Hurricane Allen was a rare and extremely powerful Cape Verde-type hurricane which struck the Caribbean, eastern and northern Mexico then southern Texas. It was the first and strongest hurricane of the 1980 Atlantic hurricane season. The first named storm and first tropical cyclone of the 1980 Atlantic hurricane season, it was one of the strongest hurricanes in recorded history and one of the few hurricanes to reach Category 5 status on the Saffir–Simpson Hurricane Scale on three separate occasions, and spent more time as a Category 5 than any other Atlantic hurricane. Allen is the only hurricane in the recorded history of the Atlantic basin to achieve sustained winds of 190 mph (305 km/h), thus making it the strongest Atlantic hurricane by wind speed. Until Hurricane Patricia in 2015, this was also the highest sustained winds in the entire Western Hemisphere.

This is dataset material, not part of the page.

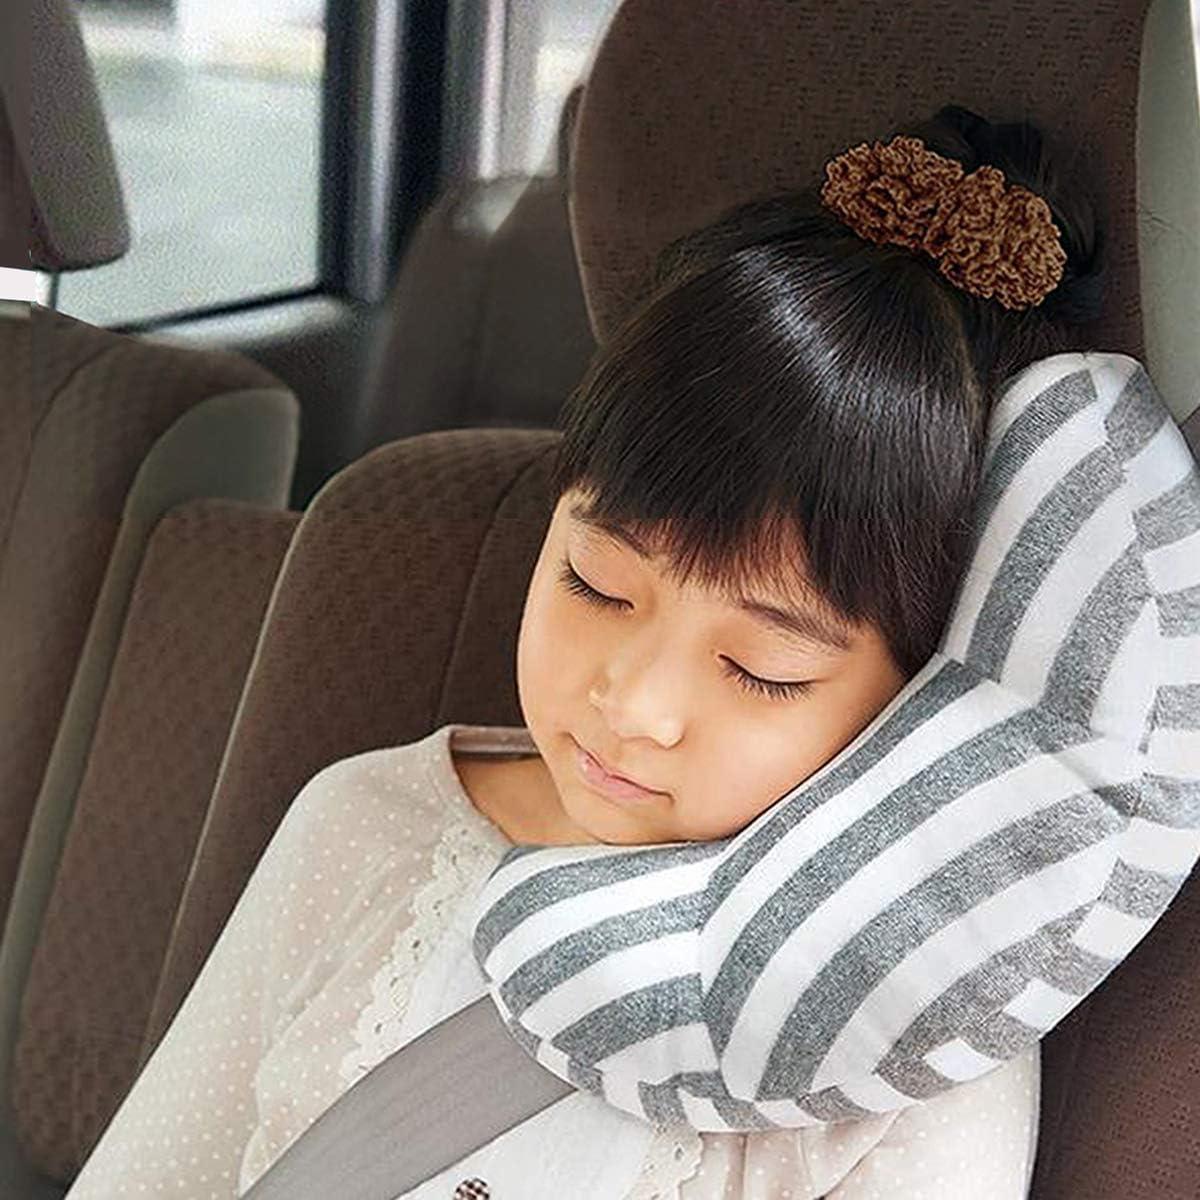 KiraKira seguridad Cojín de hombro Cojín de hombro, Almohadilla Cinturon Seguridad Para Niños y Bebés,Cojín de Viaje Cuello,Cojín de cinturón para niños Niños Niños (Gris)
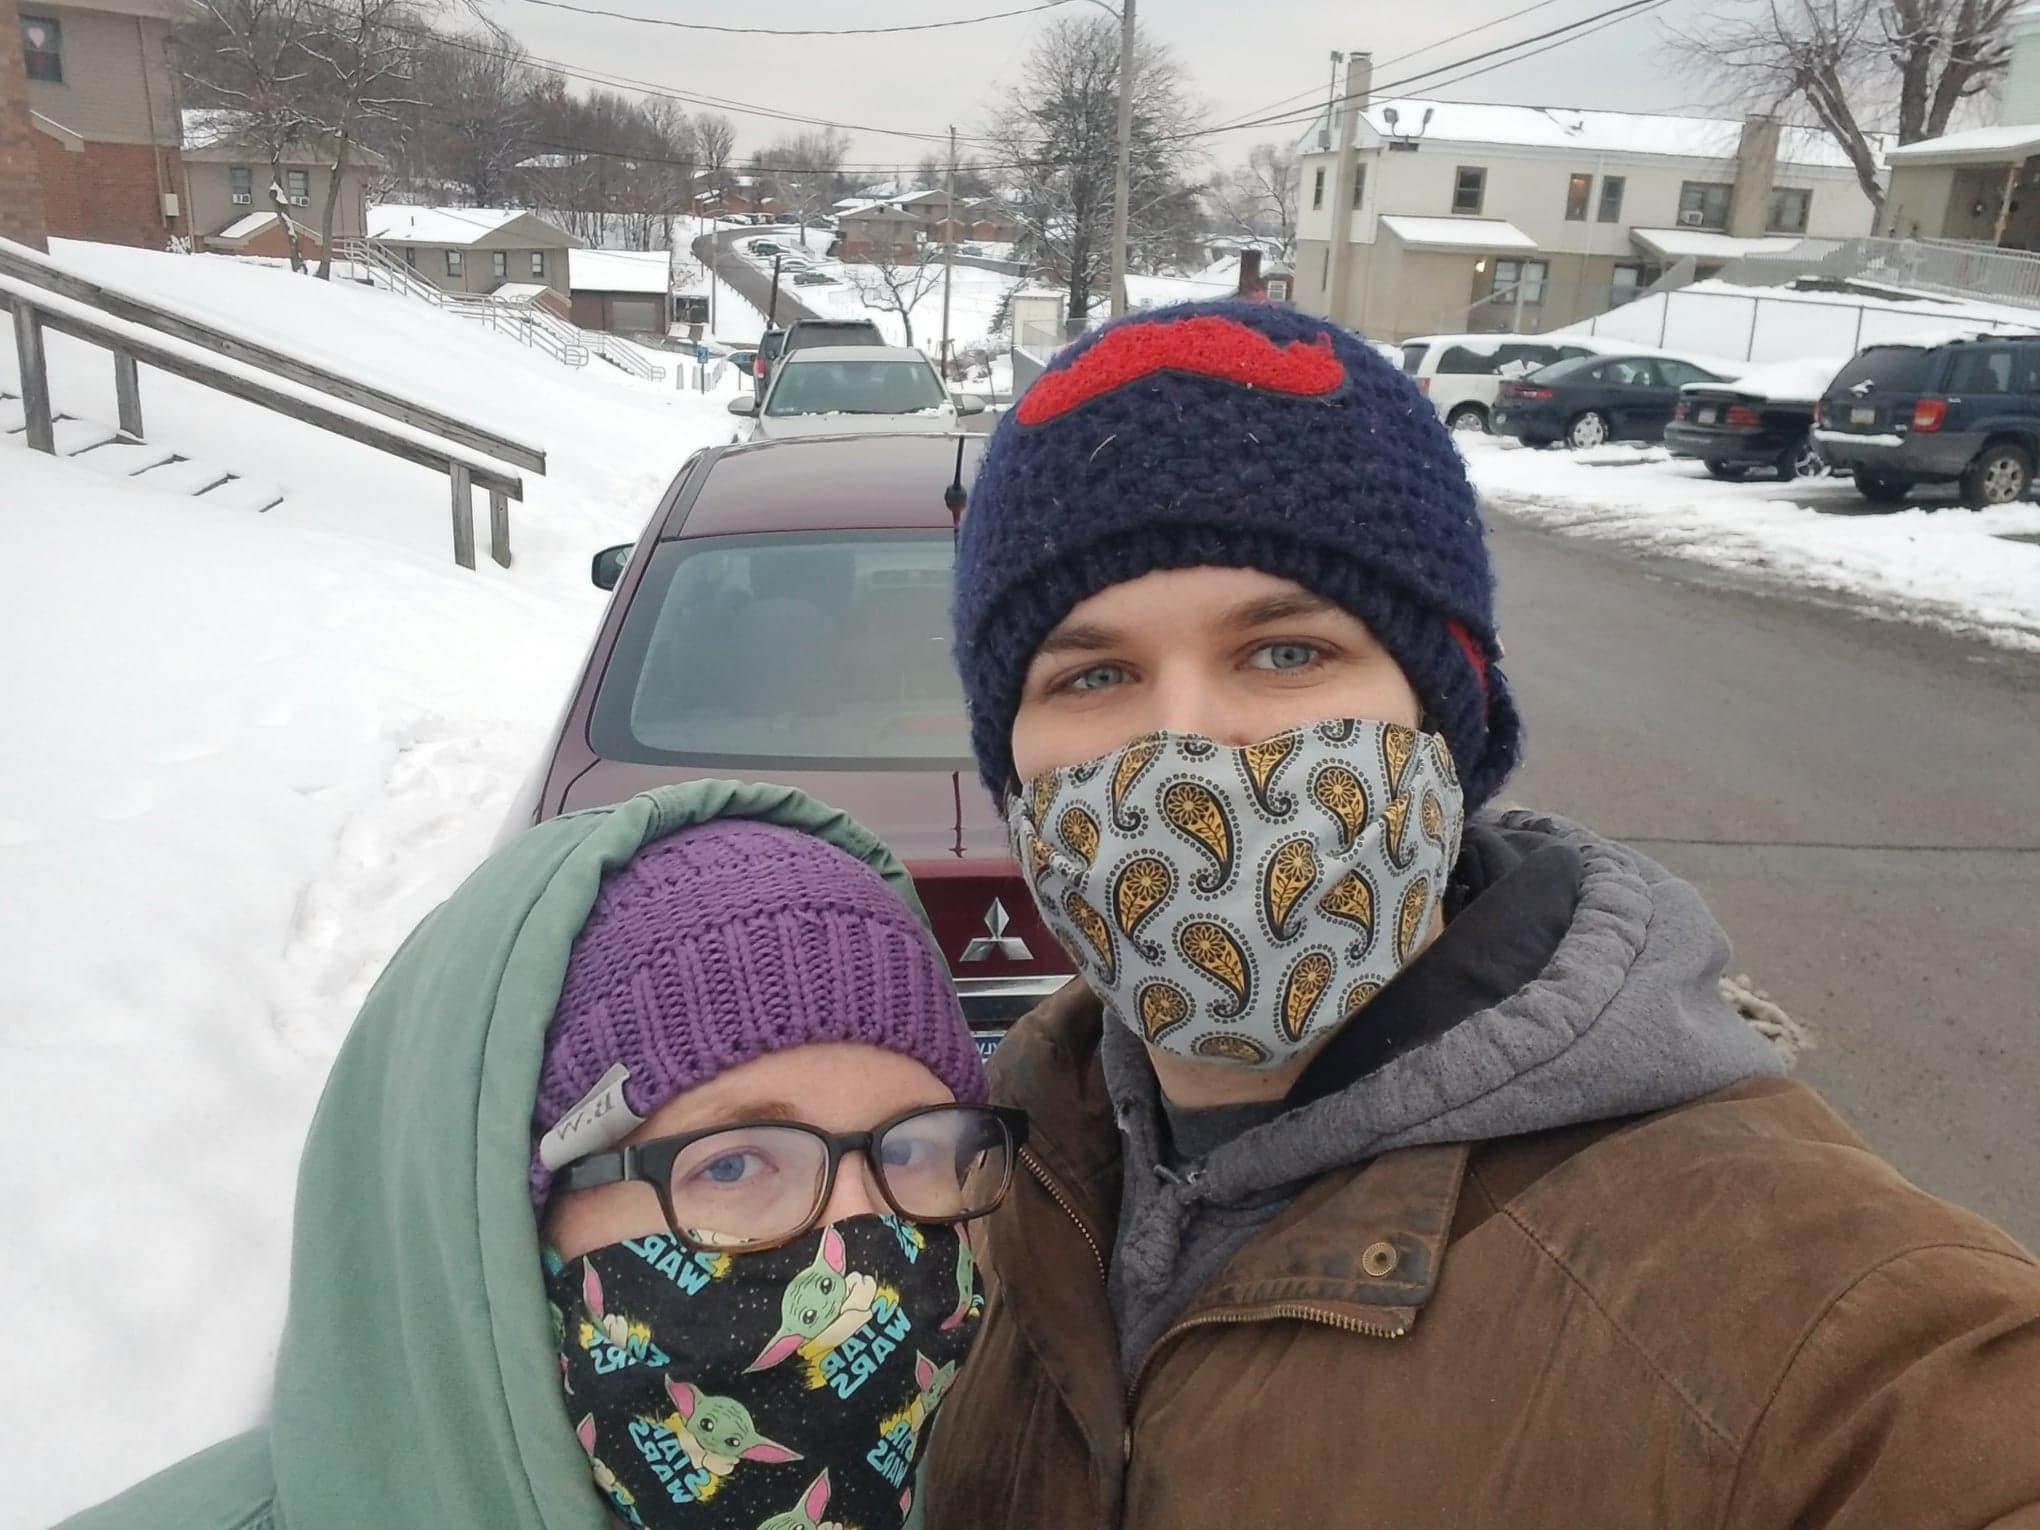 Snowy walk!

Throughout its life, Allen moved through the deep tropics on a north-westerly course through the tropical Atlantic Ocean, Caribbean Sea, and Gulf of Mexico before making its final landfall near the United StatesMexico border. At peak strength, it passed near Haiti, causing hundreds of deaths and heavy damage. After crossing the Gulf of Mexico, Allen weakened as it struck the lower Texas coast, causing high winds, a significant storm surge, and heavy rainfall, which caused damage to southern Texas. Overall, Allen killed 290 people and left just over $1.24 billion in damages (1980 US dollars), or $4.00 billion in 2016 dollars; mostly within the United States and Haiti. Due to its impact, the name Allen was retired from the six-year revolving list of Atlantic tropical cyclone names in 1981 and the name was replaced by Andrew. The name Andrew was subsequently retired after the 1992 season's Hurricane Andrew. The dissipating storm precipitated the end of the heat wave of 1980 in places like Dallas/Fort Worth, Texas, which had recorded 69 days of 100 °F (38 °C) heat.